Supplied material -
**********
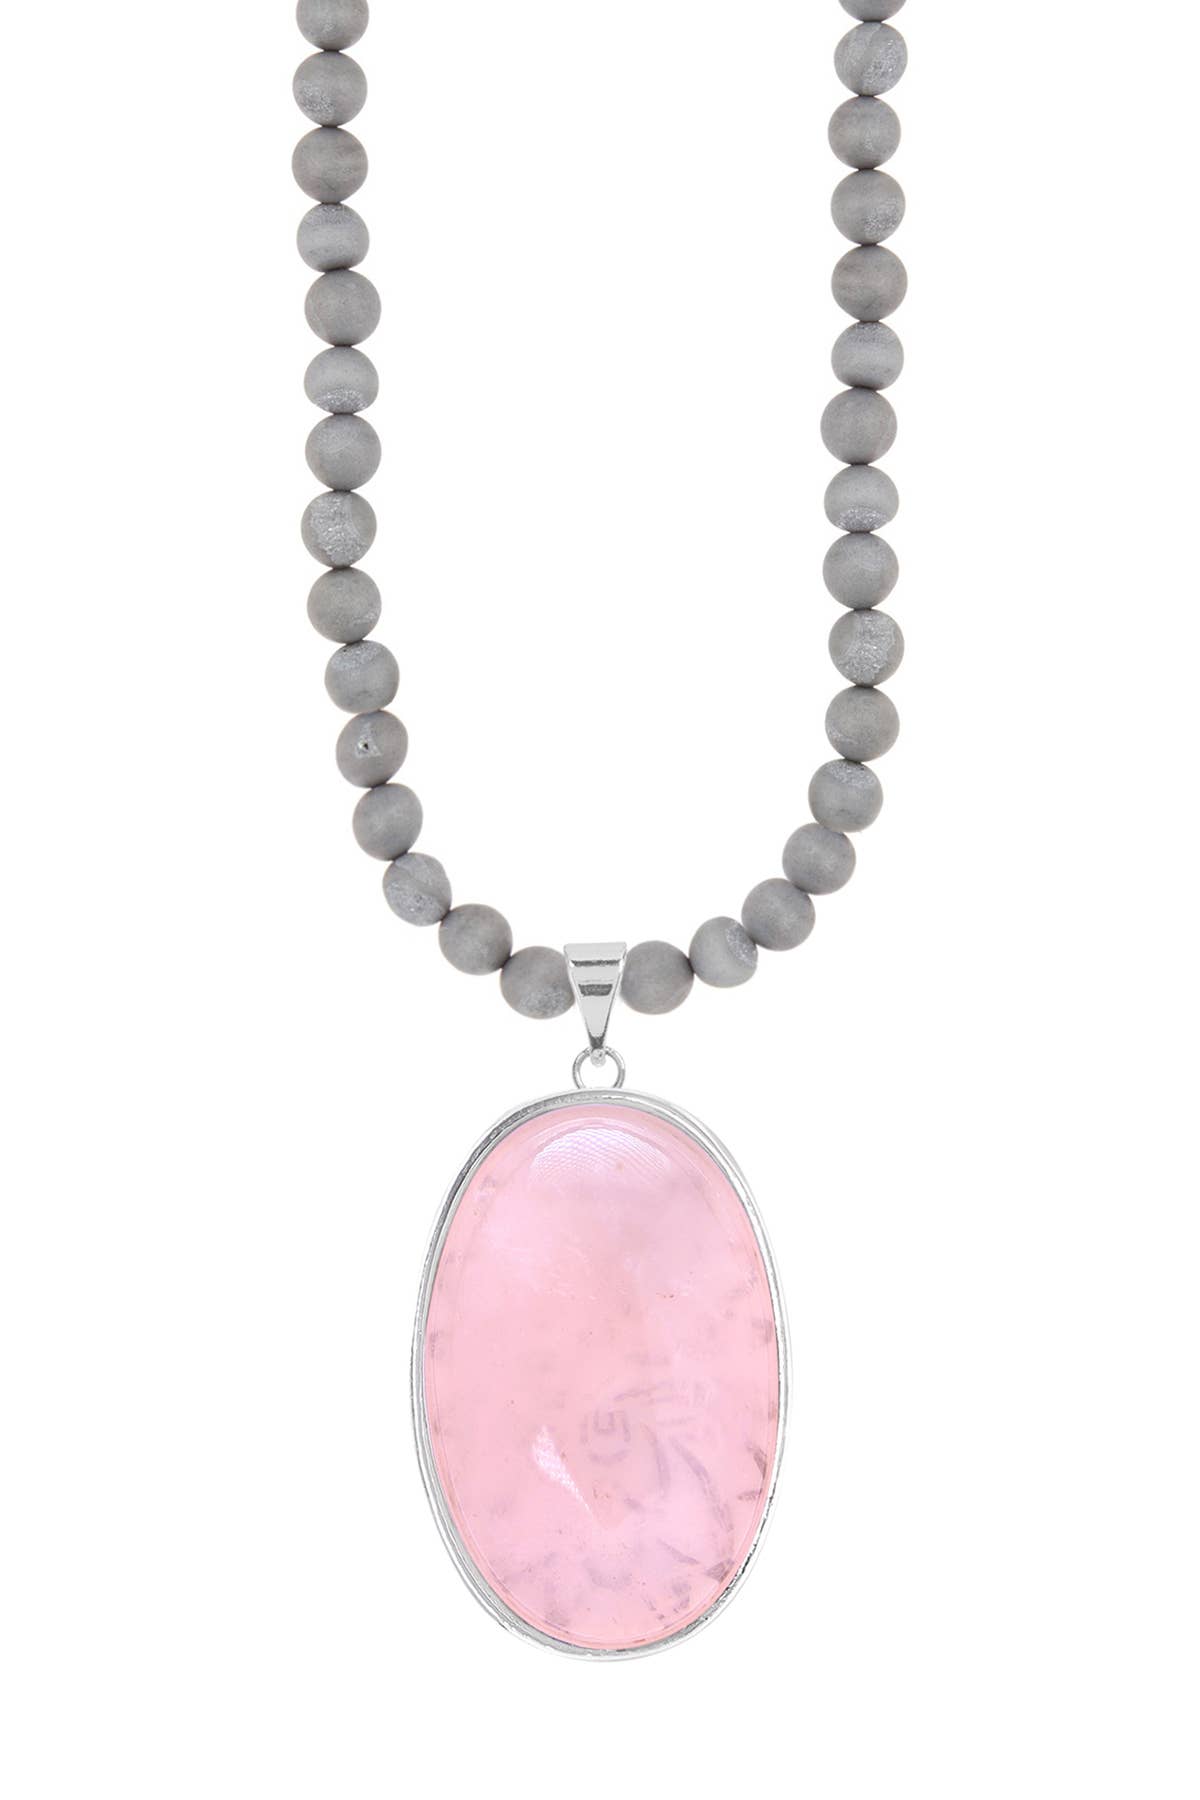 Gray Druzy Quartz Beads Necklace With Rose Quartz - SF
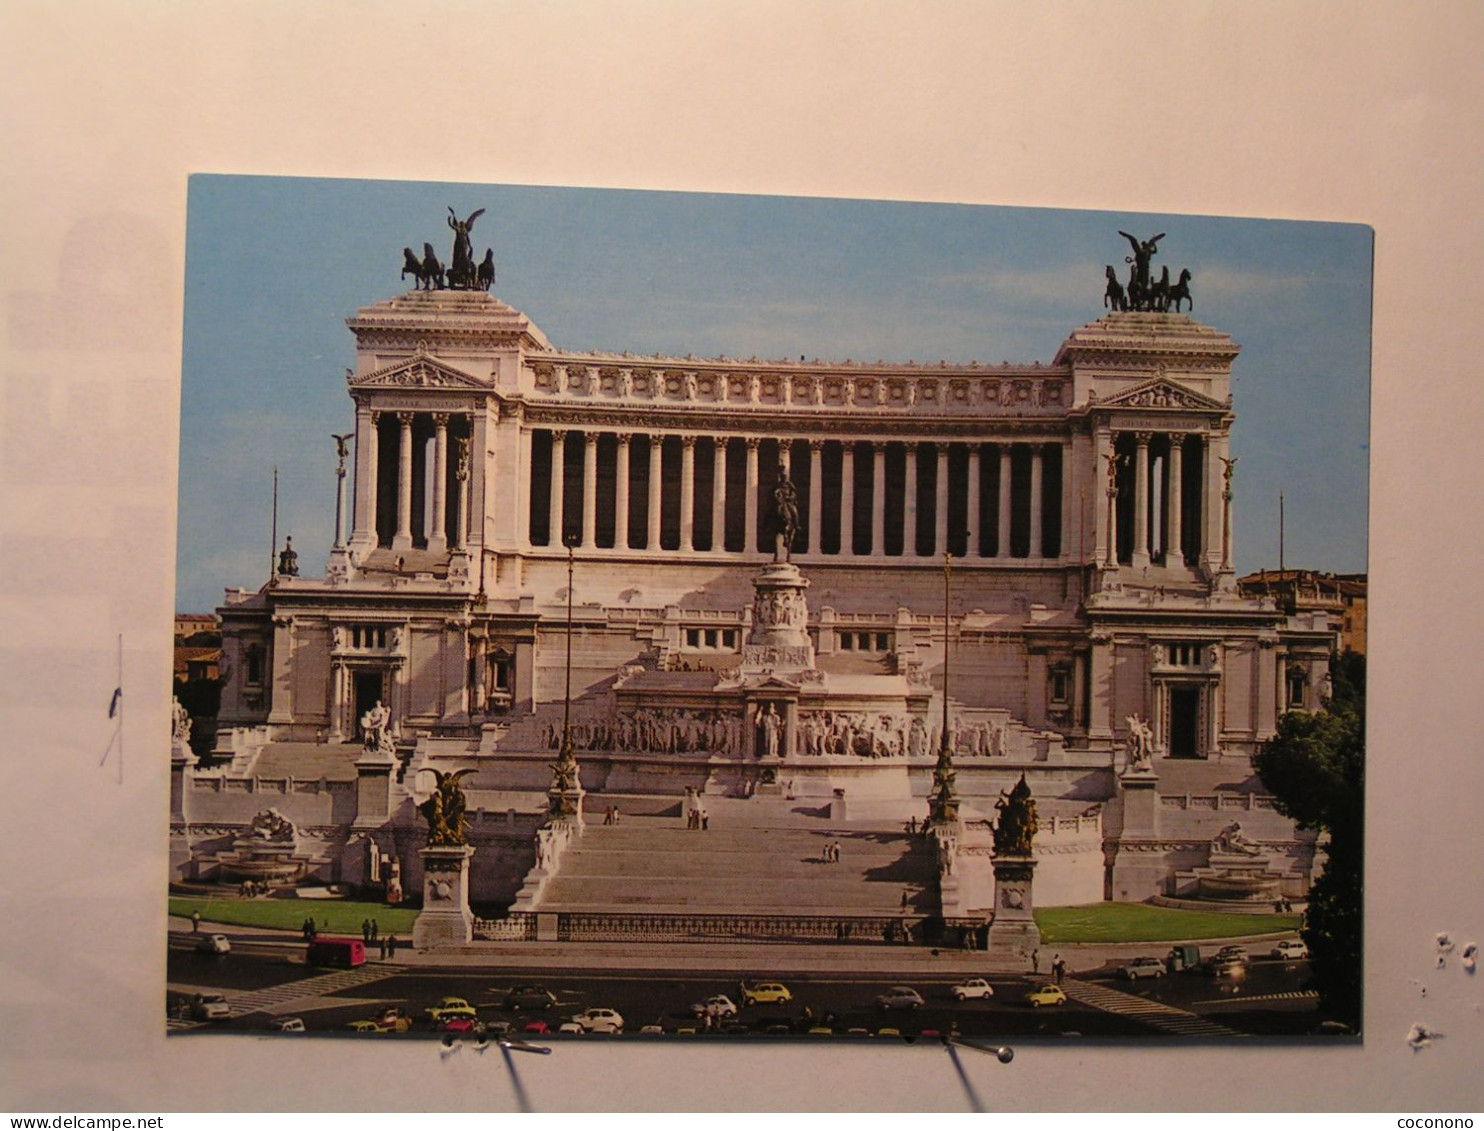 Roma (Rome) - Altare Della Patria - Andere Monumente & Gebäude
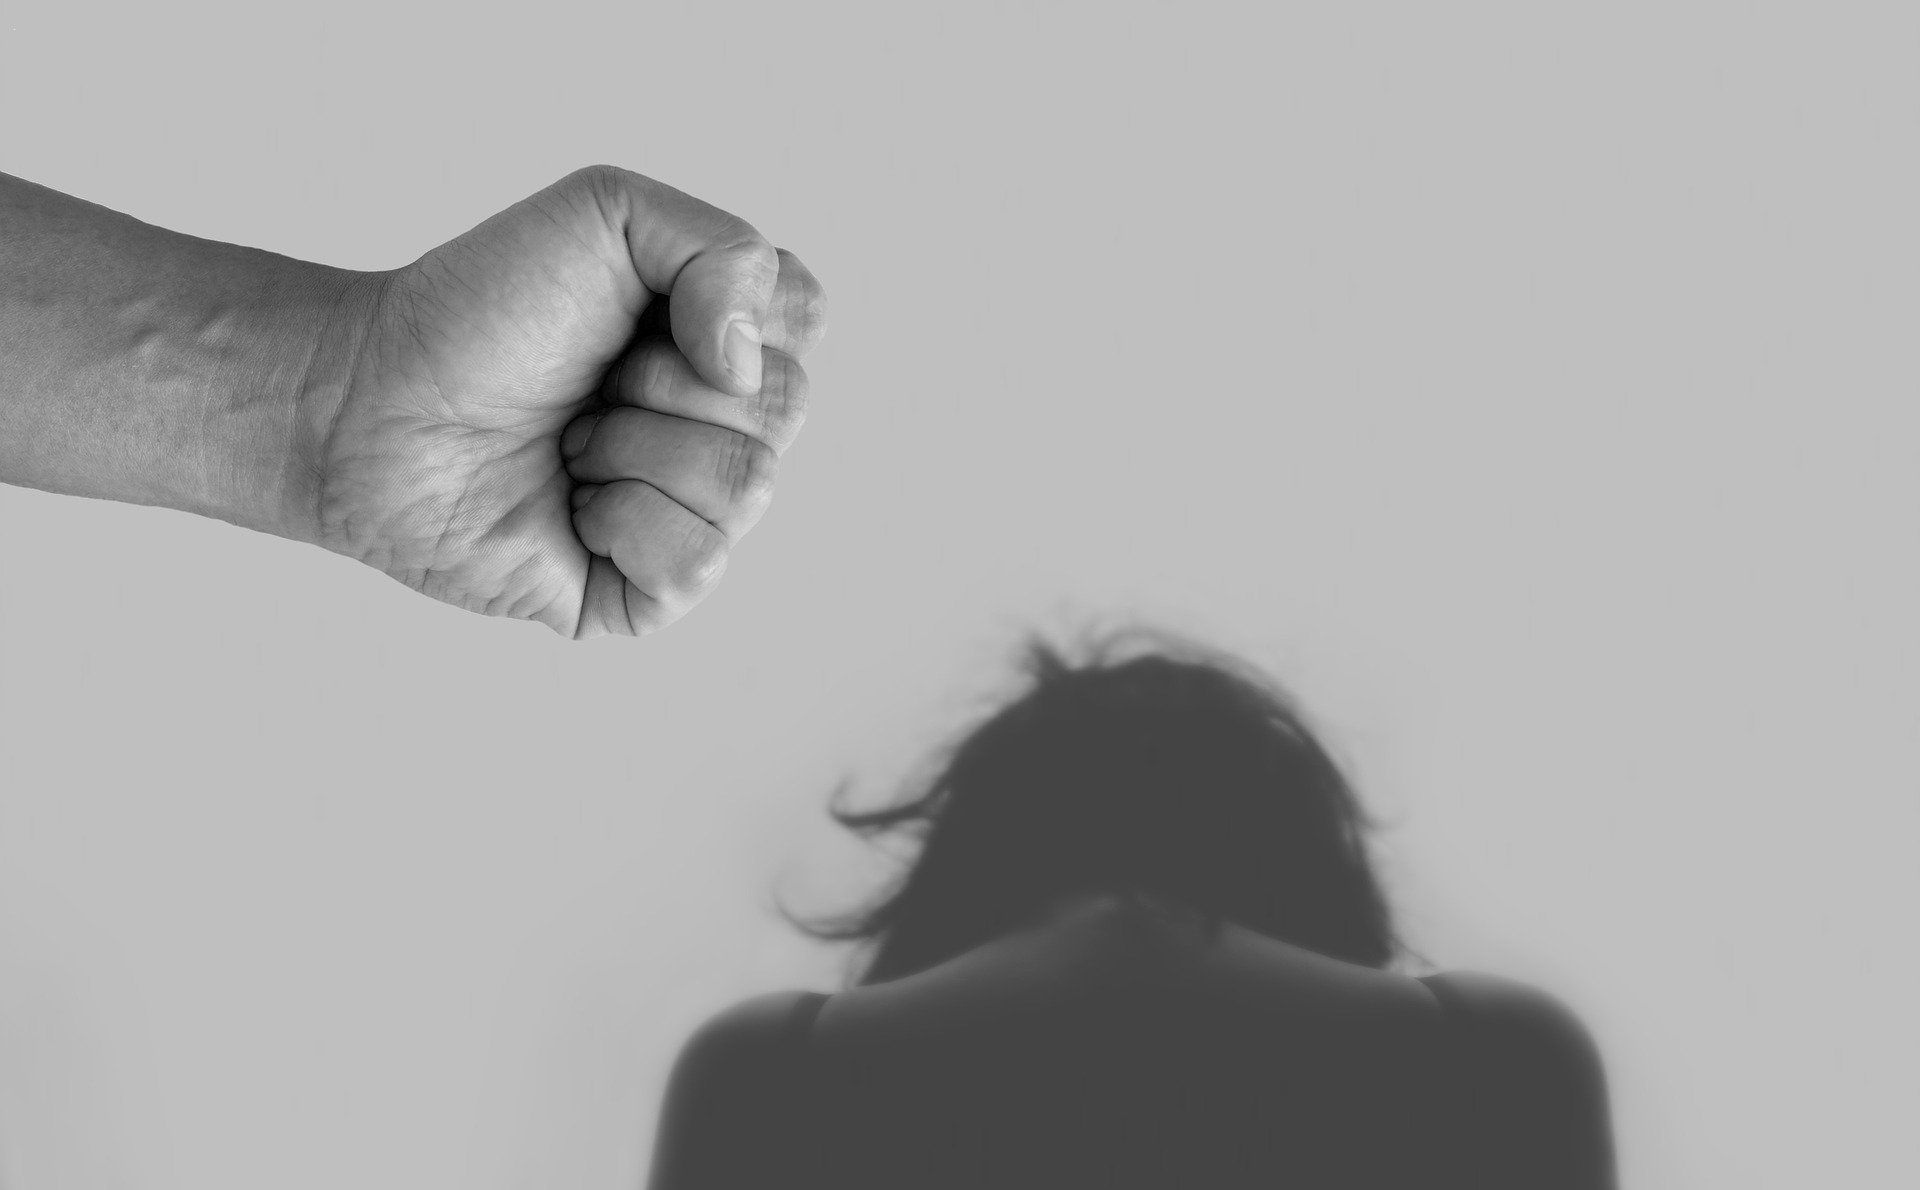 Πέντε μέτρα κατά της βίας και παρενόχλησης στην εργασία – Τι προβλέπει η ΚΥΑ
**********
Activity - Reproduce the listing exactly. Leave its pictures out.

Task response -
 Gray Druzy Quartz Beads Necklace With Rose Quartz - SF
 Roma (Rome) - Altare Della Patria - Andere Monumente & Gebäude
 Πέντε μέτρα κατά της βίας και παρενόχλησης στην εργασία – Τι προβλέπει η ΚΥΑ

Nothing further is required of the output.